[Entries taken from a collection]

⟨

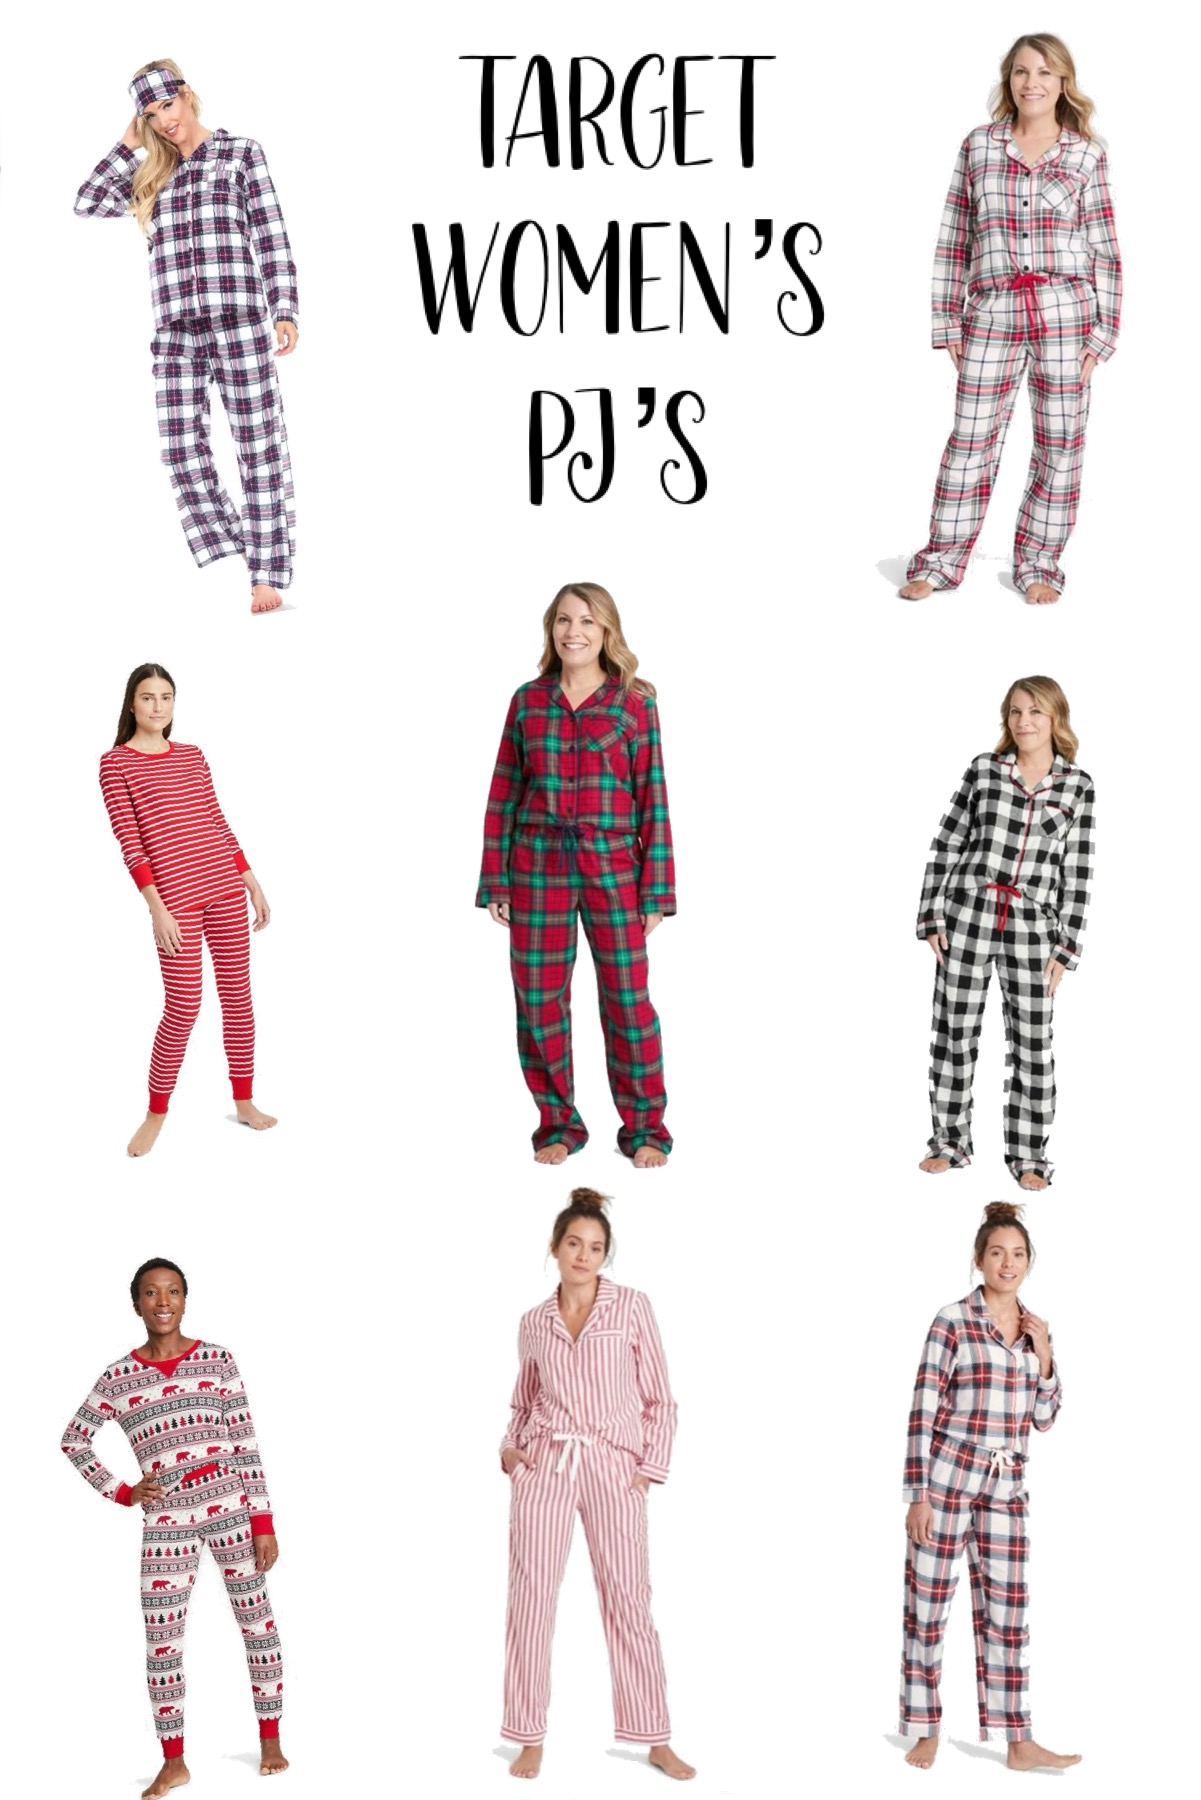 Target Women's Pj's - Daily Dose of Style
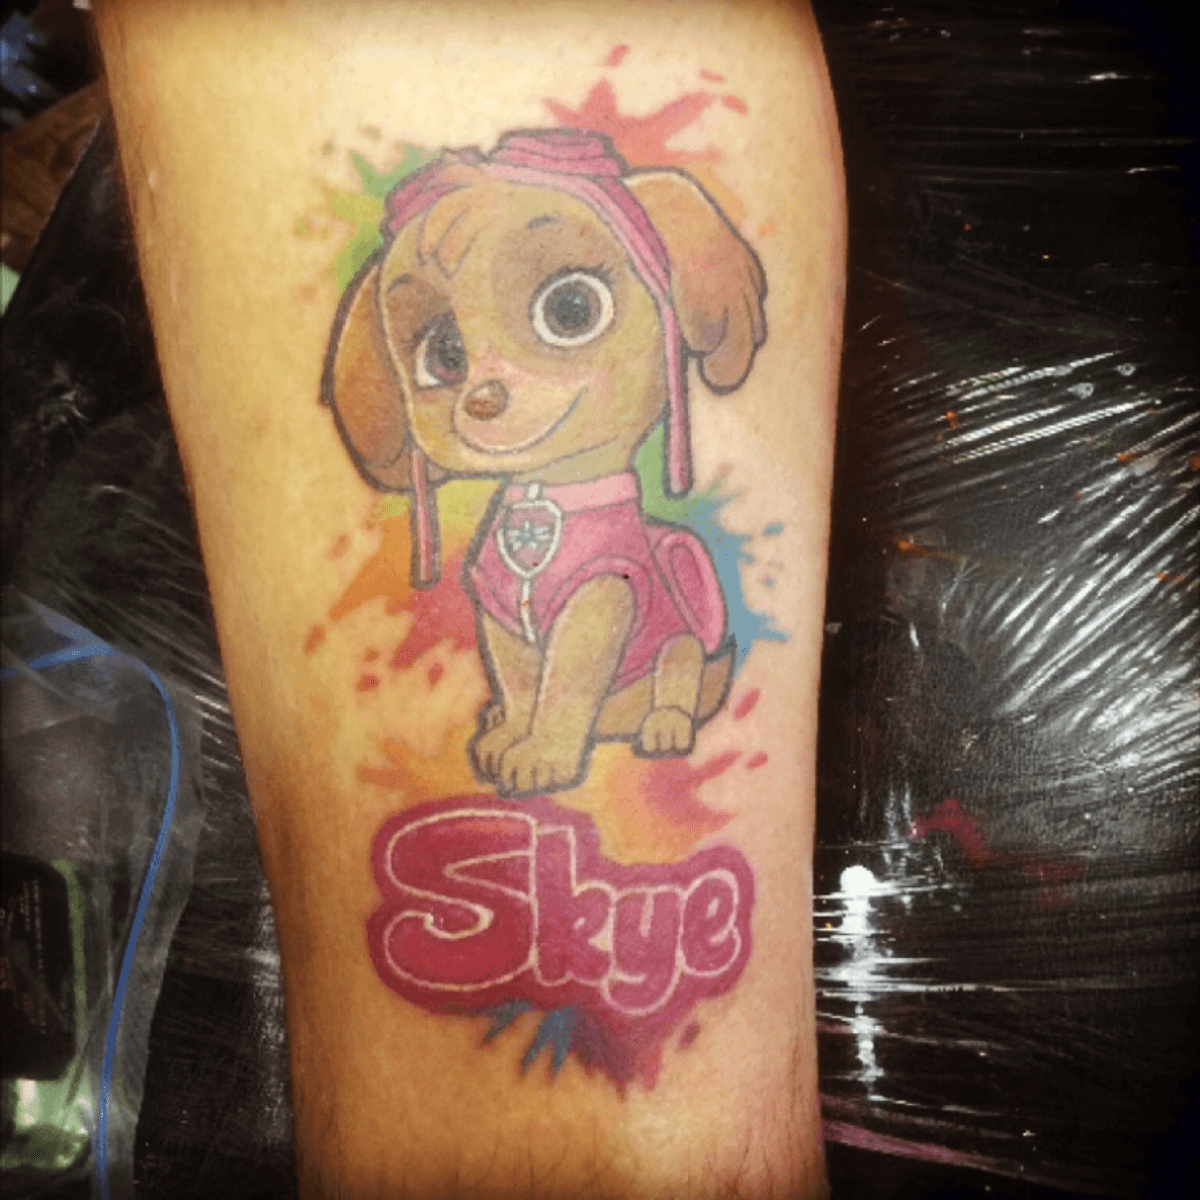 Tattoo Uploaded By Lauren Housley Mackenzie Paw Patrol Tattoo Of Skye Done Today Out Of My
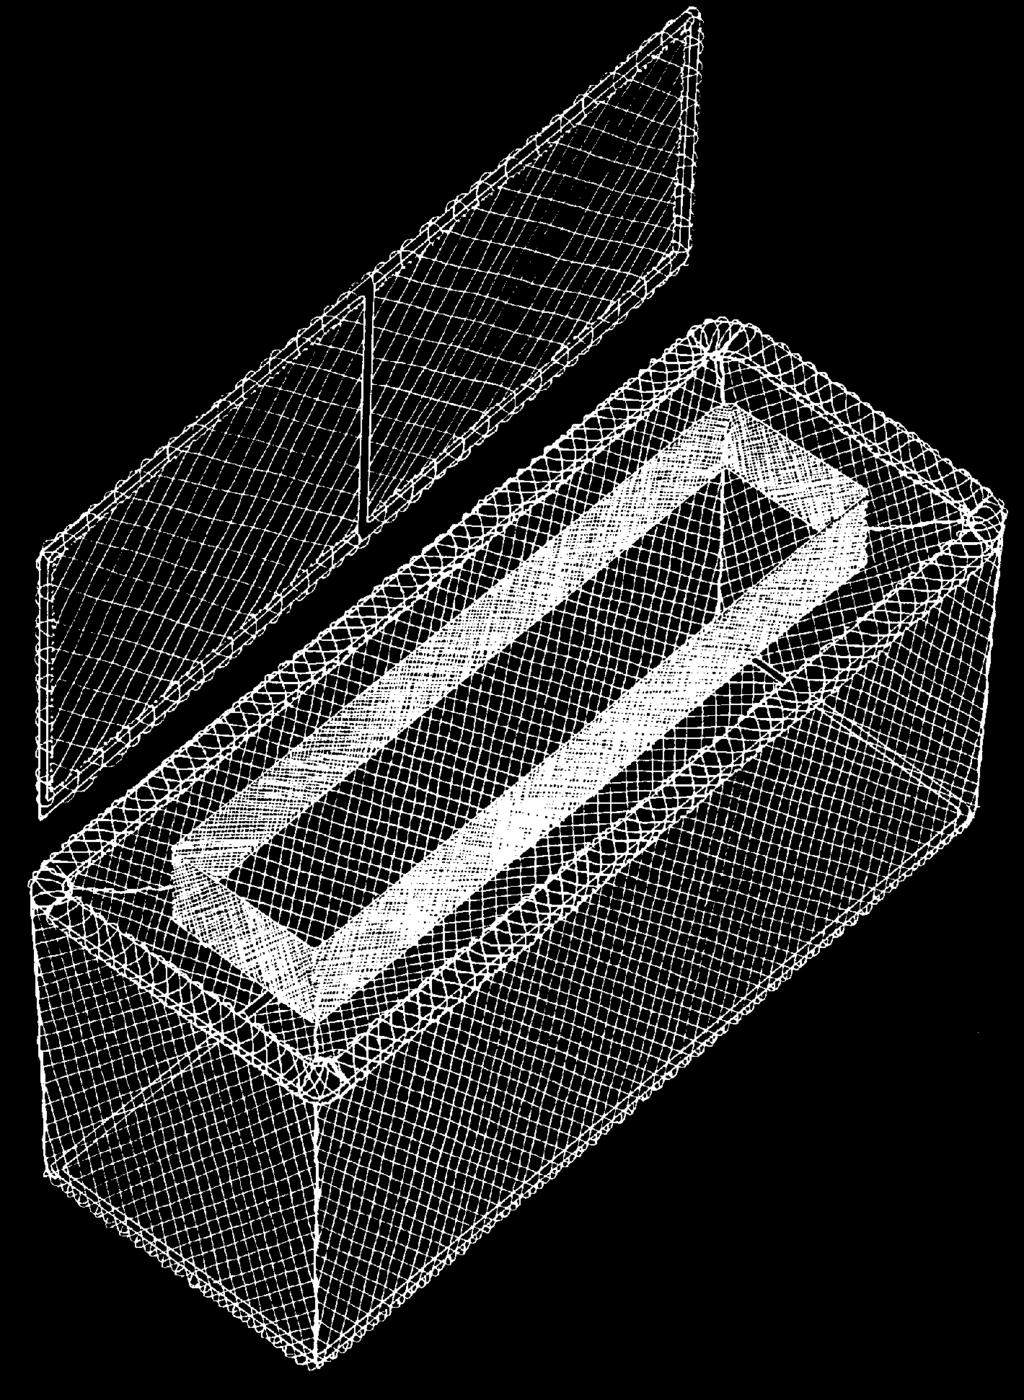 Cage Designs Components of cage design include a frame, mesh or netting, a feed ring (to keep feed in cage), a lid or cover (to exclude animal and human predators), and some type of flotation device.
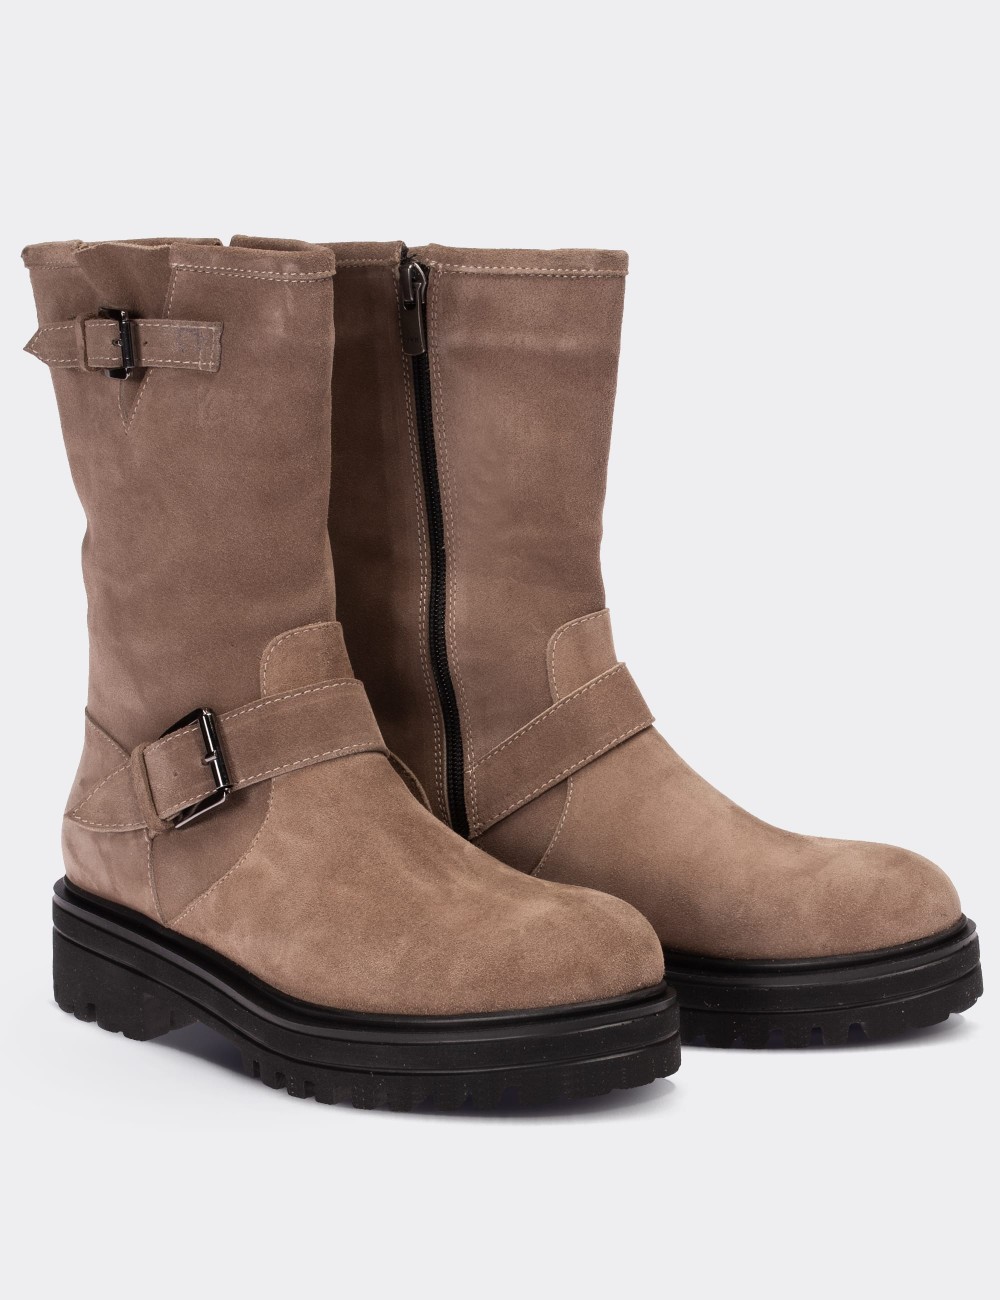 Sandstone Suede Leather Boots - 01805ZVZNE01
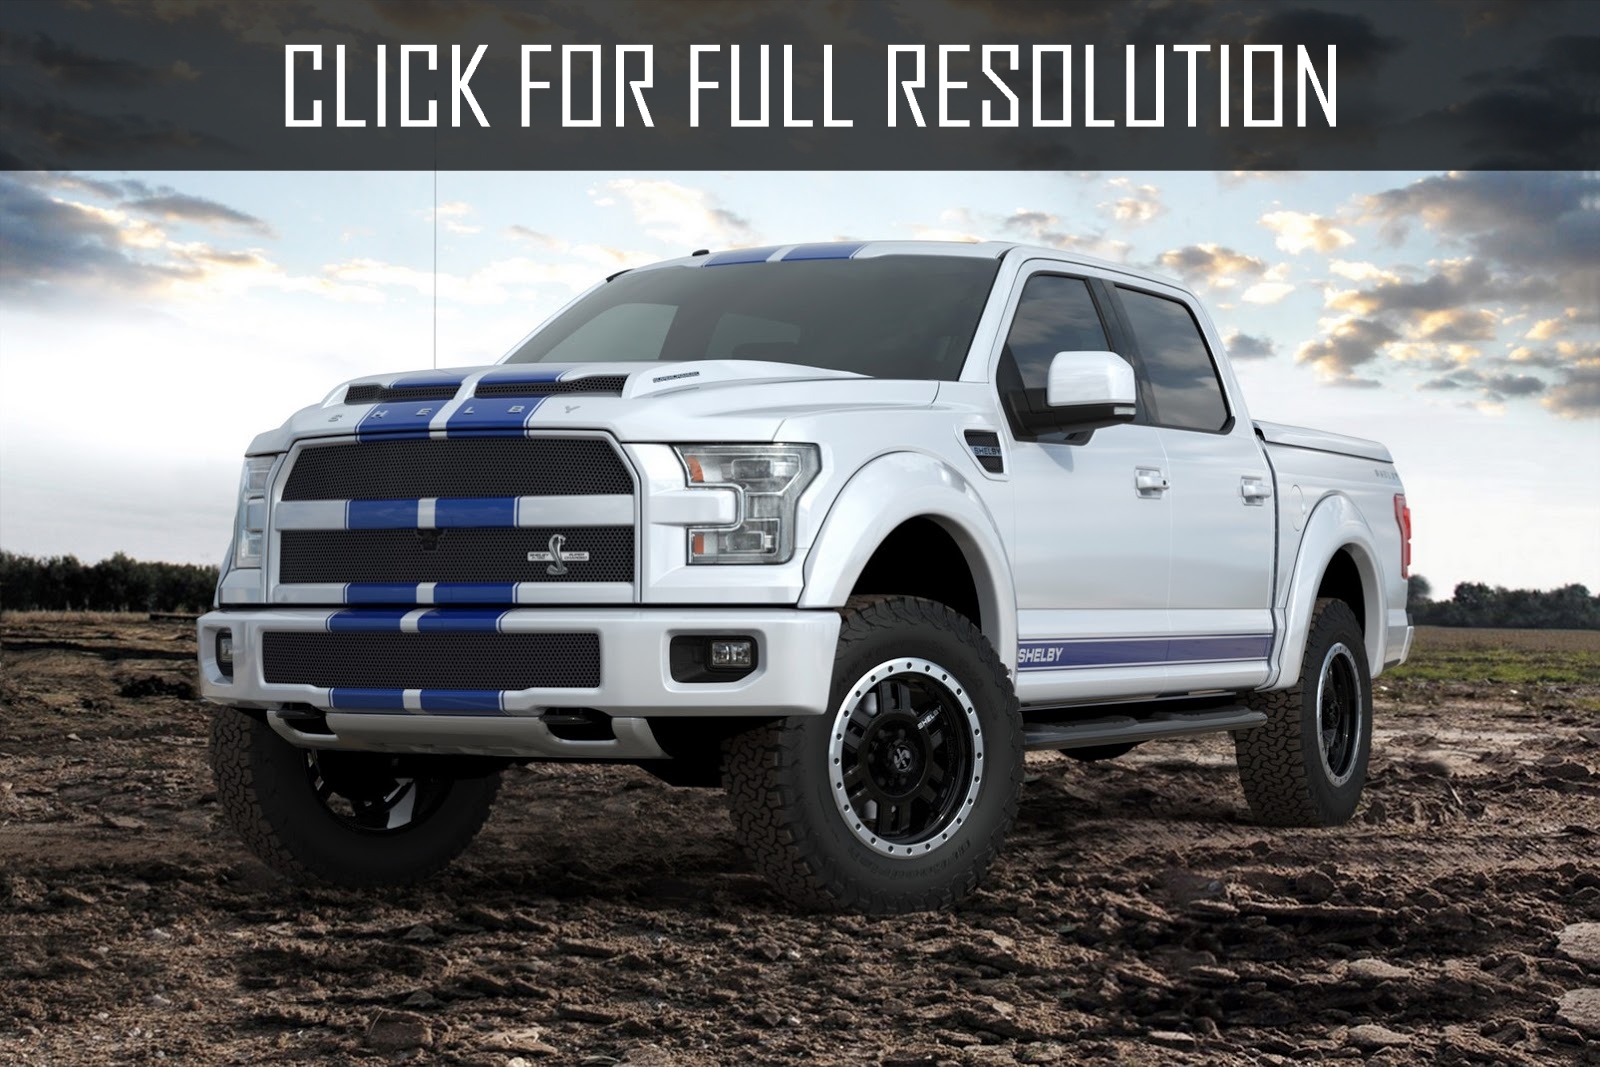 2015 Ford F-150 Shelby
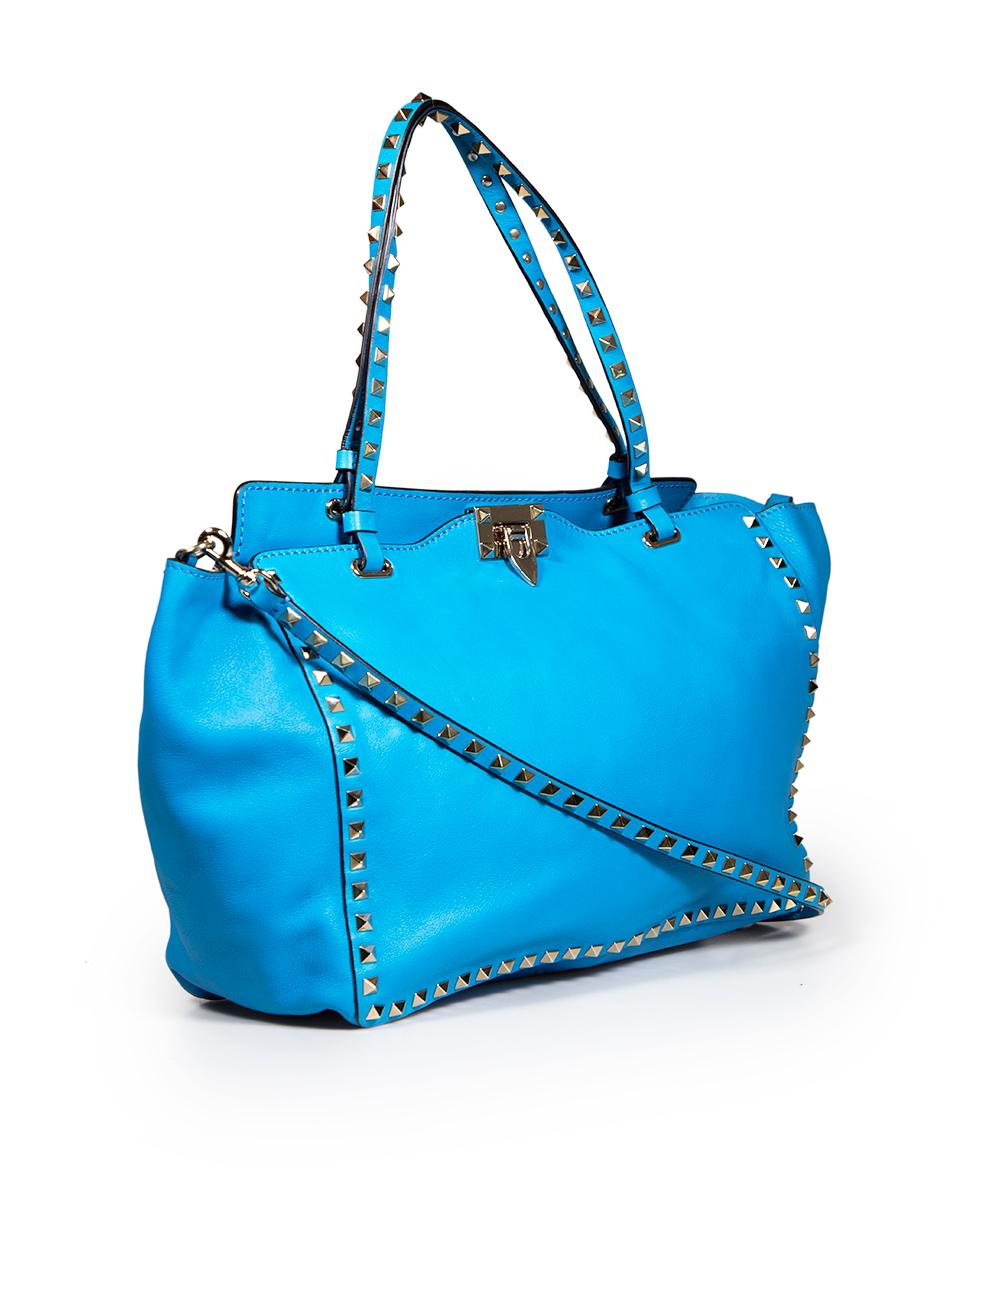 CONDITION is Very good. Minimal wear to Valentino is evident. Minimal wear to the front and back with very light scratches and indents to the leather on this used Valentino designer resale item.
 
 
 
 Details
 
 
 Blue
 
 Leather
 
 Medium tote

⟩

--- Problem details ---
All of the data gets printed again exactly; the pictures do not.

--- Answer to this task ---
 Target Women's Pj's - Daily Dose of Style
 Tattoo Uploaded By Lauren Housley Mackenzie Paw Patrol Tattoo Of Skye Done Today Out Of My
 Cage Designs Components of cage design include a frame, mesh or netting, a feed ring (to keep feed in cage), a lid or cover (to exclude animal and human predators), and some type of flotation device.
 Sandstone Suede Leather Boots - 01805ZVZNE01
 2015 Ford F-150 Shelby
 CONDITION is Very good. Minimal wear to Valentino is evident. Minimal wear to the front and back with very light scratches and indents to the leather on this used Valentino designer resale item.
 
 
 
 Details
 
 
 Blue
 
 Leather
 
 Medium tote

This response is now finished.